Дождь как из ведра лил за окнами особняка. Крупные капли небесной воды нещадно били по сочным зеленым листьям растущего во дворе векового дерева. Дождевые потоки, словно небольшие водопады, опускались по створкам стеклянных дверей, ведущих на просторный балкон, с которого открывался прекрасный вид на приусадебный участок размером не меньше гектара.

Хозяин знал ответ. Но его манера общения с людьми была такова: пощекотать расшатанные нервы и, уничтожив личность, выставить за дверь. В лучшем случае. Андрея ожидала та же участь — хозяин уже знал, что оставит незваного гостя наедине с обрушивающимися на него потоками дождевой воды.

— Вы читаете прессу? — Андрей подался вперед. Хозяин оставил вопрос без ответа. — И смотрите телевизор? — продолжил посетитель. Хозяин взглянул на установку, проецирующую виртуальный экран любой диагонали. — Или, может, вам сны больше не снятся? — На лице Андрея заиграли скулы. — Вы ведь знаете, почему я здесь.

Андрей вытянулся по струнке, застыл в одном положении, дожидаясь ответа.
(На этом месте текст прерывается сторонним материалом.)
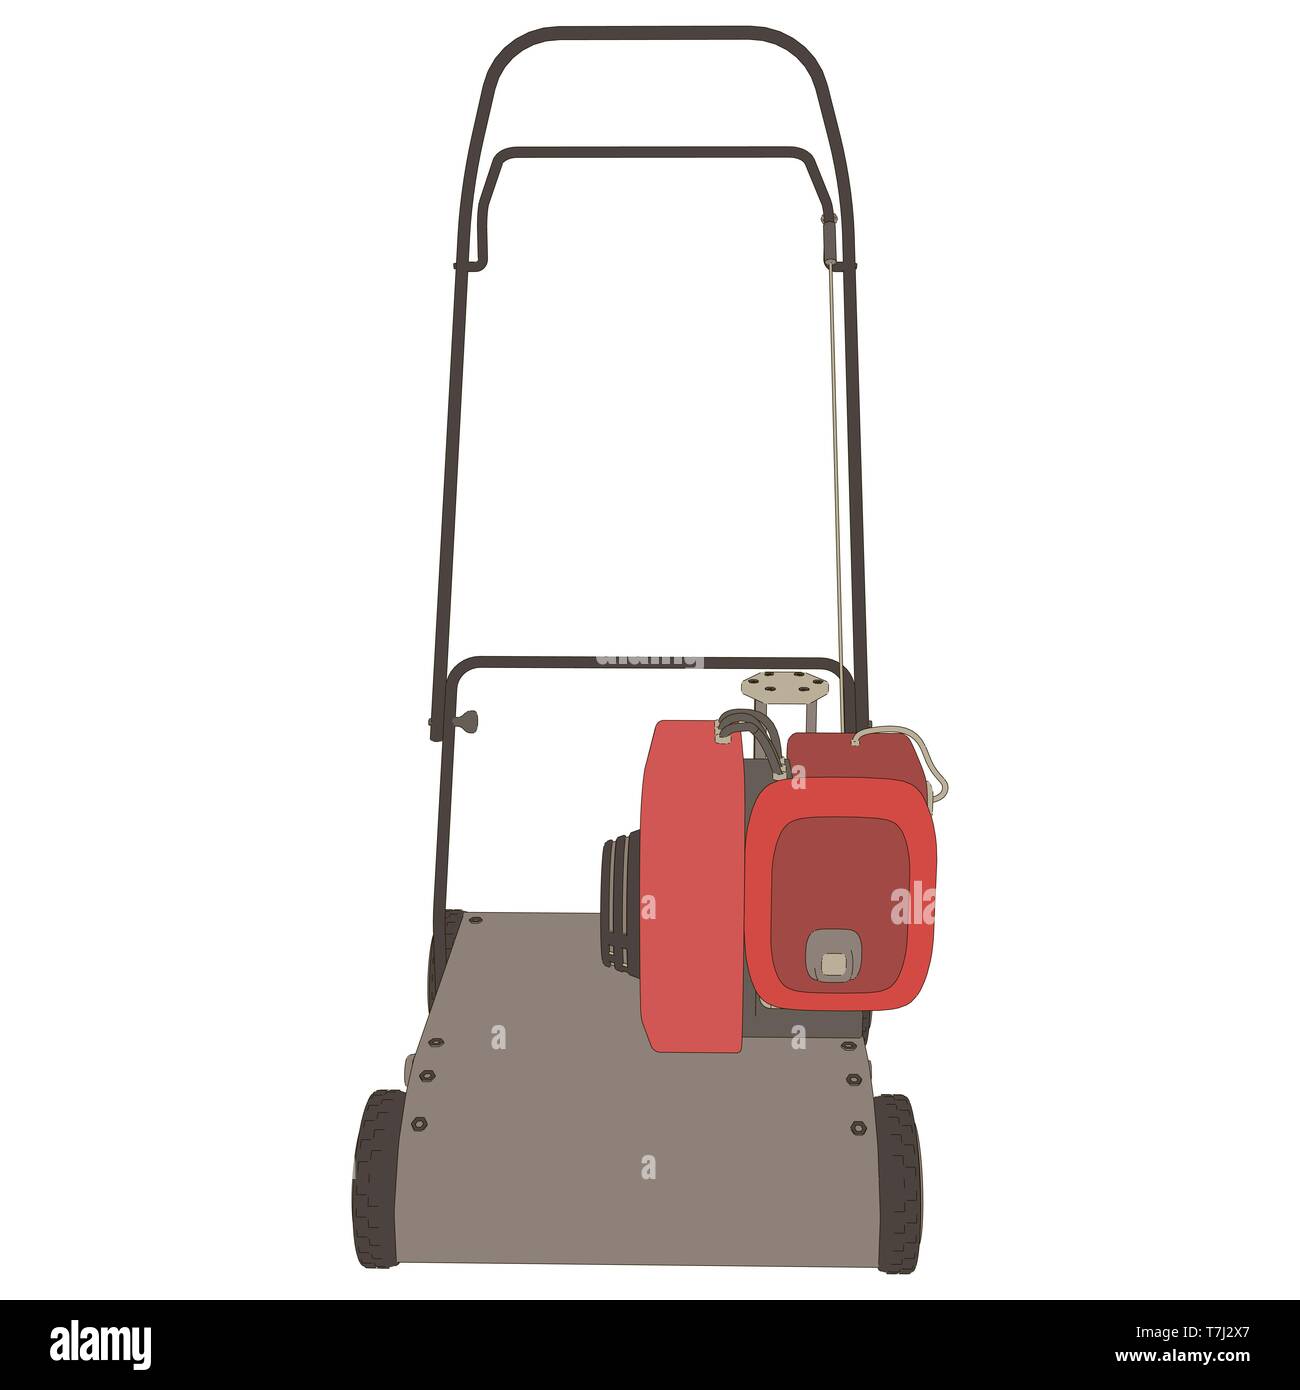 Lawn mower icon vector grass gardening mowing garden illustration equipment riding tool symbol Stock Vector

Но не получил его и продолжил:

— Я пришел, потому… — молодой человек проглотил вторую часть фразы.

Он поник головой и закрыл доселе ни разу не моргнувшие глаза.
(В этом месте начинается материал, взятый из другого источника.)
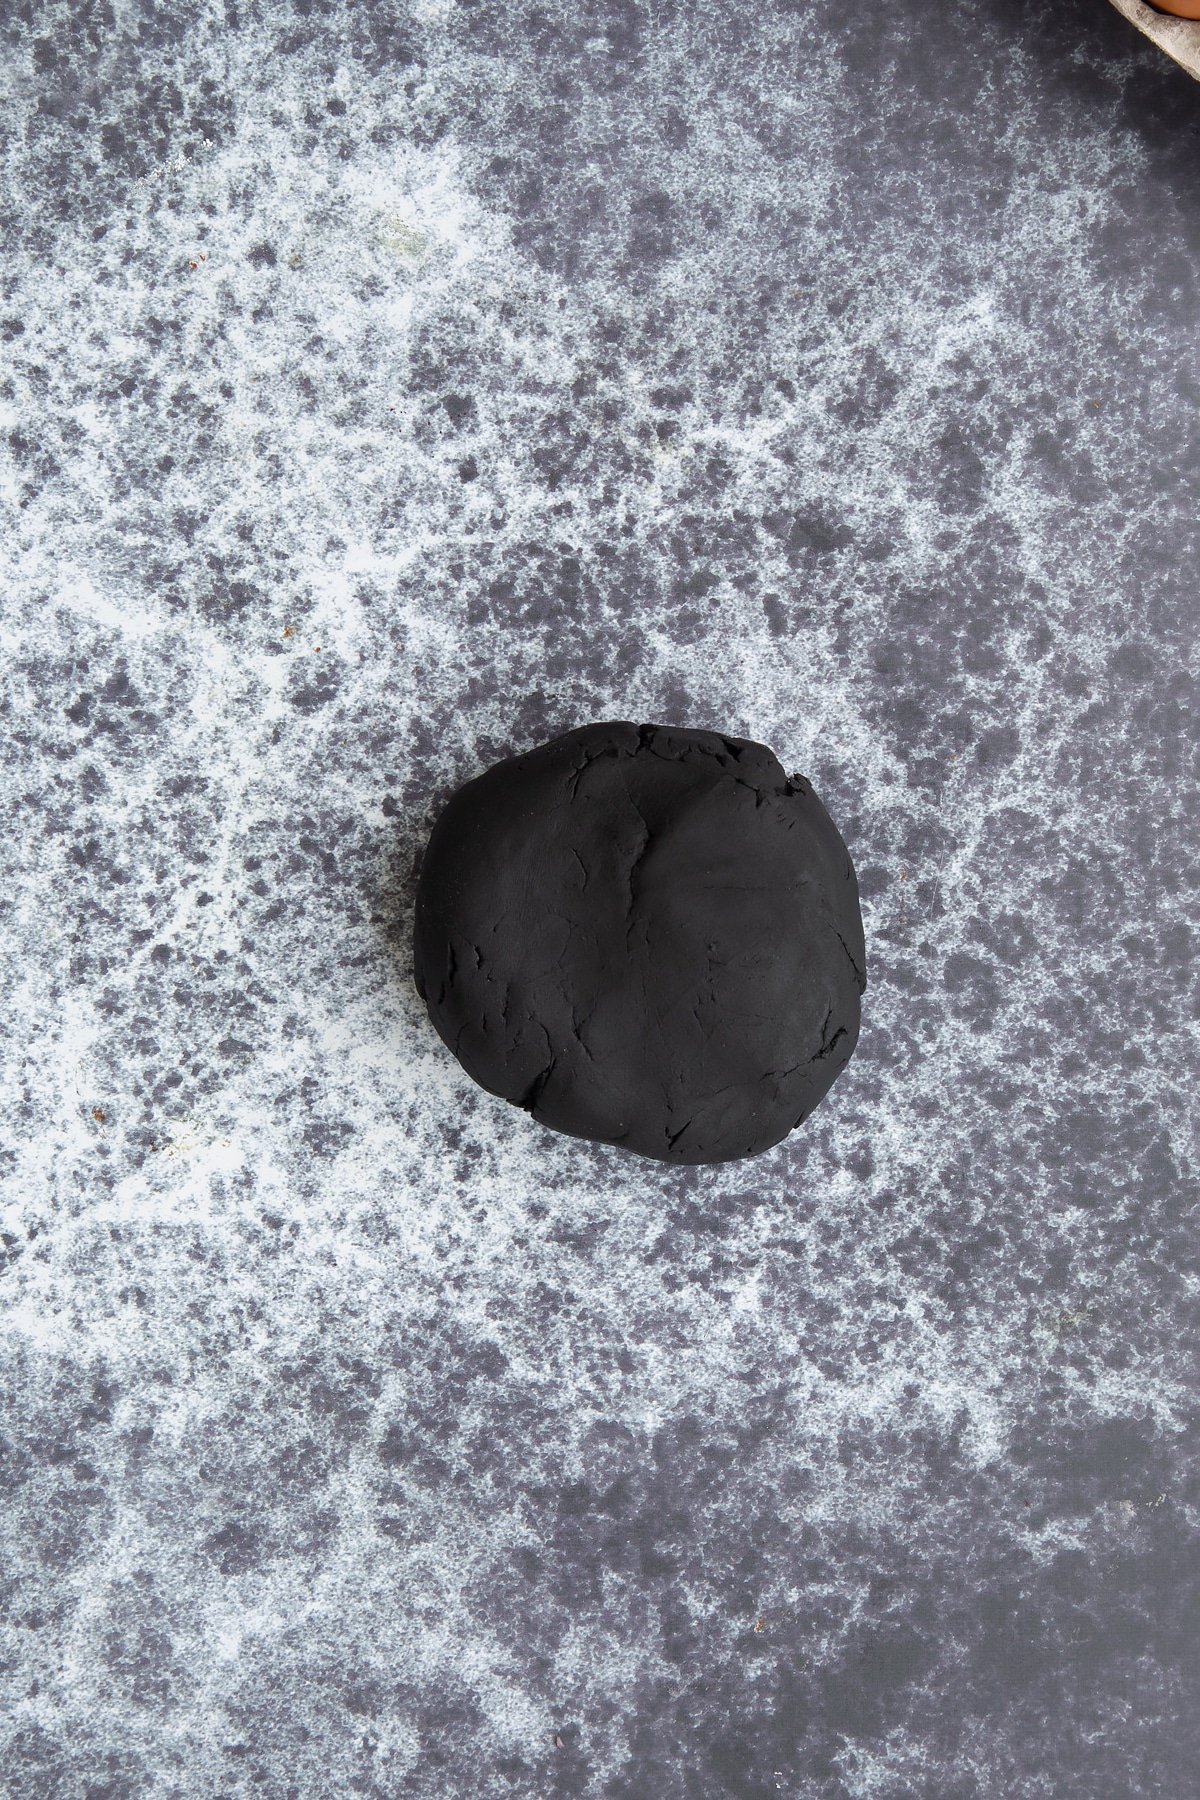 A ball of black sugar paste on a dark background.

— Что-то случилось, Андрей? — хозяин оторвался от спинки дивана, подался вперед и язвительным взглядом пронзил гостя.

Парень смотрел на хозяина взглядом полного отчаяния и решимости. Косые полоски дождя отразились в зелено-голубоватых глазах Андрея. Он набрал полные легкие воздуха и, опустив взгляд на мраморный пол, произнес слова, которые с трудом вырвались из онемевших уст:

— Мой лучший друг, — Андрей едва сдерживал от боли рвущееся из груди сердце. — Дмитрий Перфильев…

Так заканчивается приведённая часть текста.